# macOS Universal binaries & Mach-O Format {% hint style="success" %} Learn & practice AWS Hacking:[**HackTricks Training AWS Red Team Expert (ARTE)**](https://training.hacktricks.xyz/courses/arte)\ Learn & practice GCP Hacking: [**HackTricks Training GCP Red Team Expert (GRTE)**](https://training.hacktricks.xyz/courses/grte)

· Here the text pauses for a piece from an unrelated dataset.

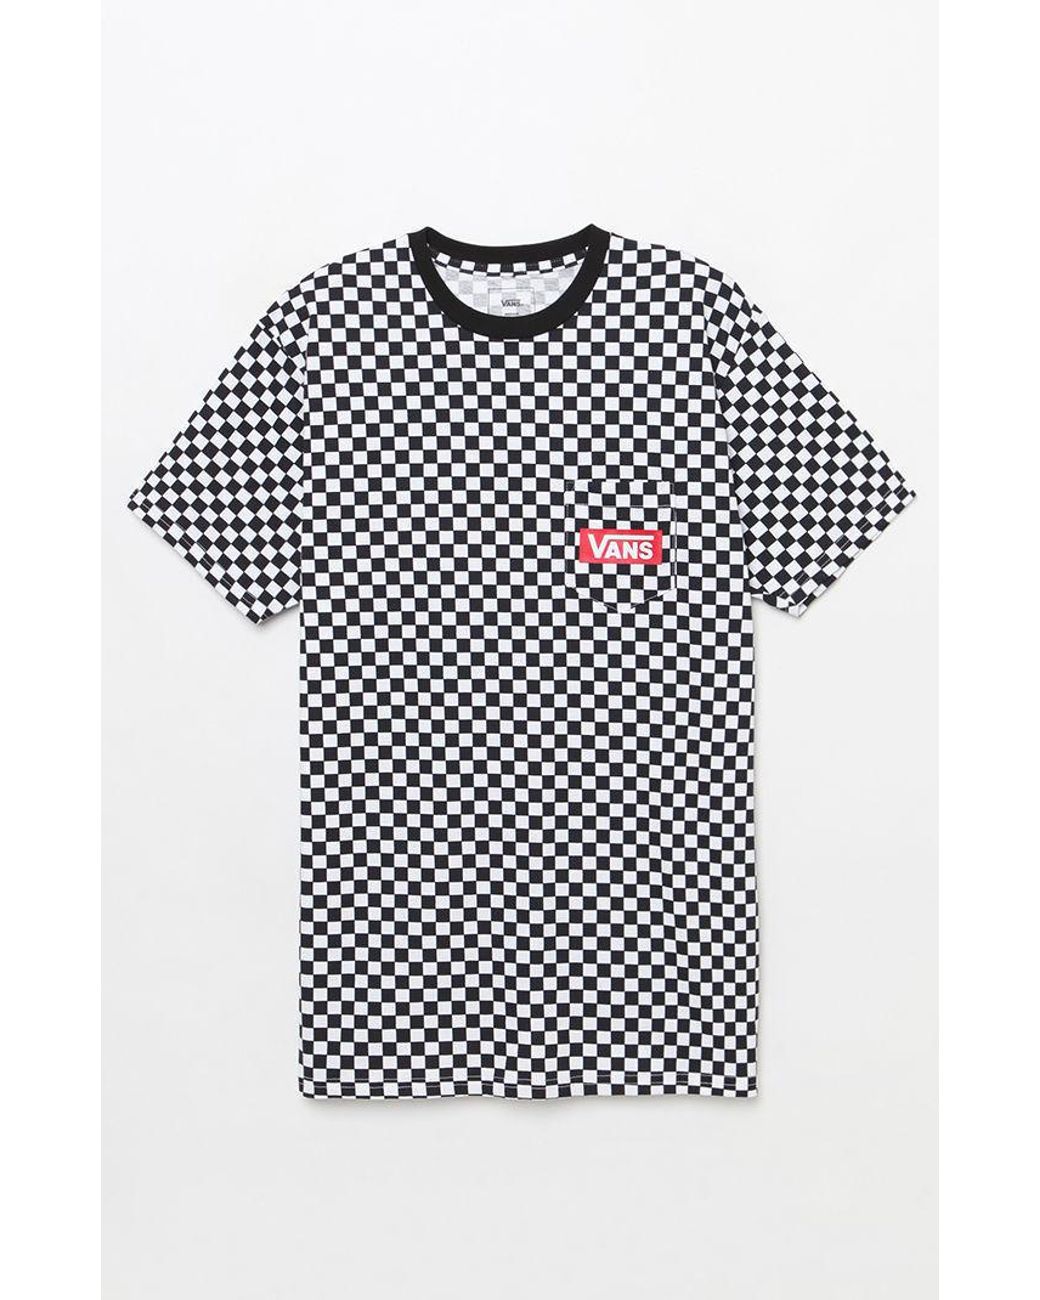 Pebble Diplomatic issues Take a risk Vans Checker Print White & Black Pocket T-shirt for Men | Lyst

Support HackTricks * Check the [**subscription plans**](https://github.com/sponsors/carlospolop)! * **Join the** 💬 [**Discord group**](https://discord.gg/hRep4RUj7f) or the [**telegram group**](https://t.me/peass) or **follow** us on **Twitter** 🐦 [**@hacktricks\_live**](https://twitter.com/hacktricks\_live)**.** * **Share hacking tricks by submitting PRs to the** [**HackTricks**](https://github.com/carlospolop/hacktricks) and [**HackTricks Cloud**](https://github.com/carlospolop/hacktricks-cloud) github repos.

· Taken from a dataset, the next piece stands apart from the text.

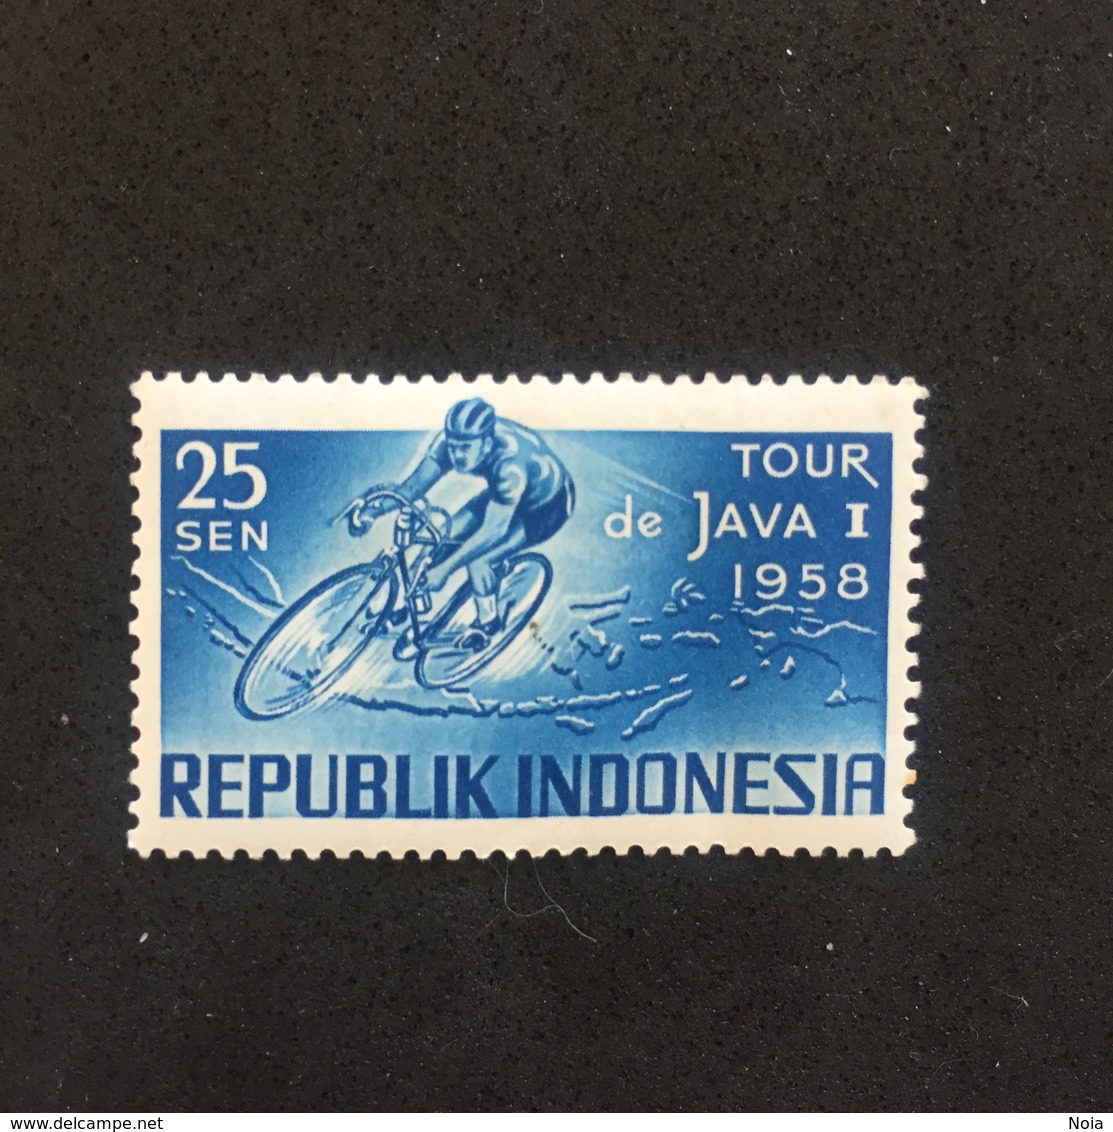 INDONESIA. JAVA TOUR 1958. MNH. C3703A - Cycling

{% endhint %} ## Basic Information Mac OS binaries usually are compiled as **universal binaries**. A **universal binary** can **support multiple architectures in the same file**. These binaries follows the **Mach-O structure** which is basically compased of: * Header * Load Commands * Data ![https://alexdremov.me/content/images/2022/10/6XLCD.gif](<../../../.gitbook/assets/image (470).png>) ## Fat Header Search for the file with: `mdfind fat.h | grep -i mach-o | grep -E "fat.h$"`
#define FAT_MAGIC	0xcafebabe
#define FAT_CIGAM	0xbebafeca	/* NXSwapLong(FAT_MAGIC) */

struct fat_header {
	uint32_t	magic;		/* FAT_MAGIC or FAT_MAGIC_64 */
	uint32_t	nfat_arch;	/* number of structs that follow */
};

struct fat_arch {
	cpu_type_t	cputype;	/* cpu specifier (int) */
	cpu_subtype_t	cpusubtype;	/* machine specifier (int) */
	uint32_t	offset;		/* file offset to this object file */
	uint32_t	size;		/* size of this object file */
	uint32_t	align;		/* alignment as a power of 2 */
};
The header has the **magic** bytes followed by the **number** of **archs** the file **contains** (`nfat_arch`) and each arch will have a `fat_arch` struct. Check it with:
% file /bin/ls
/bin/ls: Mach-O universal binary with 2 architectures: [x86_64:Mach-O 64-bit executable x86_64] [arm64e:Mach-O 64-bit executable arm64e]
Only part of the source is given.